In raising this pull request, I confirm the following (please check boxes):

I have read and understood the contributors guide.
I have checked that another pull request for this purpose does not exist.
I have considered, and confirmed that this submission will be valuable to others.
I accept that this submission may not be used, and the pull request closed at the will of the maintainer.
I give this submission freely, and claim no ownership to its content.
I have mentioned this change in the changelog.

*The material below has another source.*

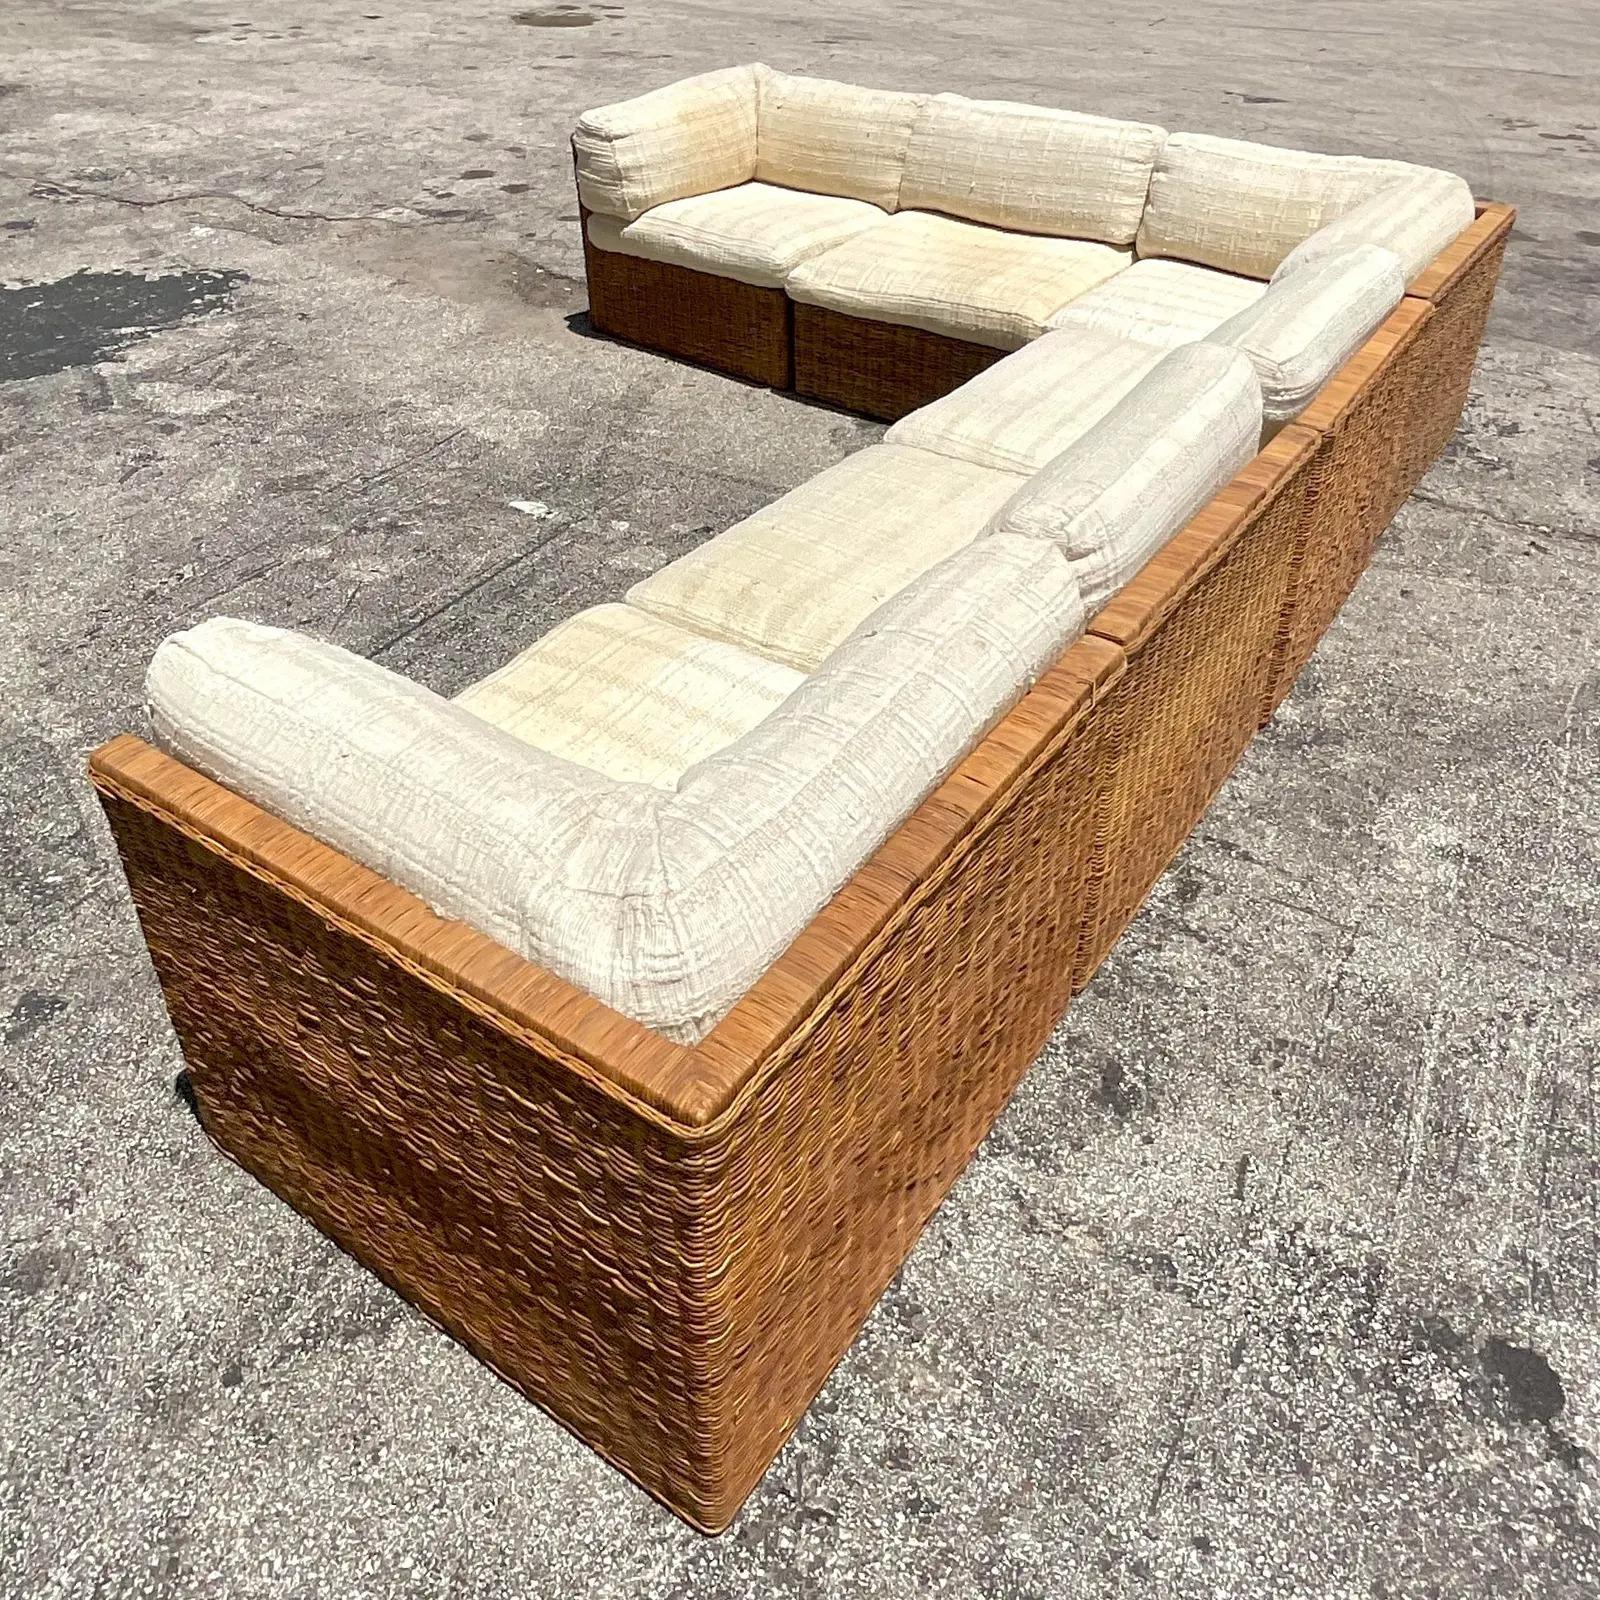 An exceptional vintage Boho sectional sofa. A chic woven rattan with six individual sections. Rearrange the sections to suit your project needs. A heavy cotton boucle with a textured design. Made by the Comfort Designs group and tagged on the

My familiarity with the project is as follows (check one):

I have never used CCExtractor.
I have used CCExtractor just a couple of times.
I absolutely love CCExtractor, but have not contributed previously.
I am an active contributor to CCExtractor.

Summary

This PR implements machine-readable JSON output for the -out=report feature, addressing issue #1399. Users can now generate structured reports that can be parsed with tools like jq, enabling seamless integration with automated workflows.

Background

Currently, CCExtractor’s report output is human-readable text that requires custom parsing for automation. While other media analysis tools such as ffprobe and mediainfo provide JSON output, structured closed-caption reporting is not consistently available across tools or versions. This feature enables CCExtractor to expose its existing report data in a structured JSON format.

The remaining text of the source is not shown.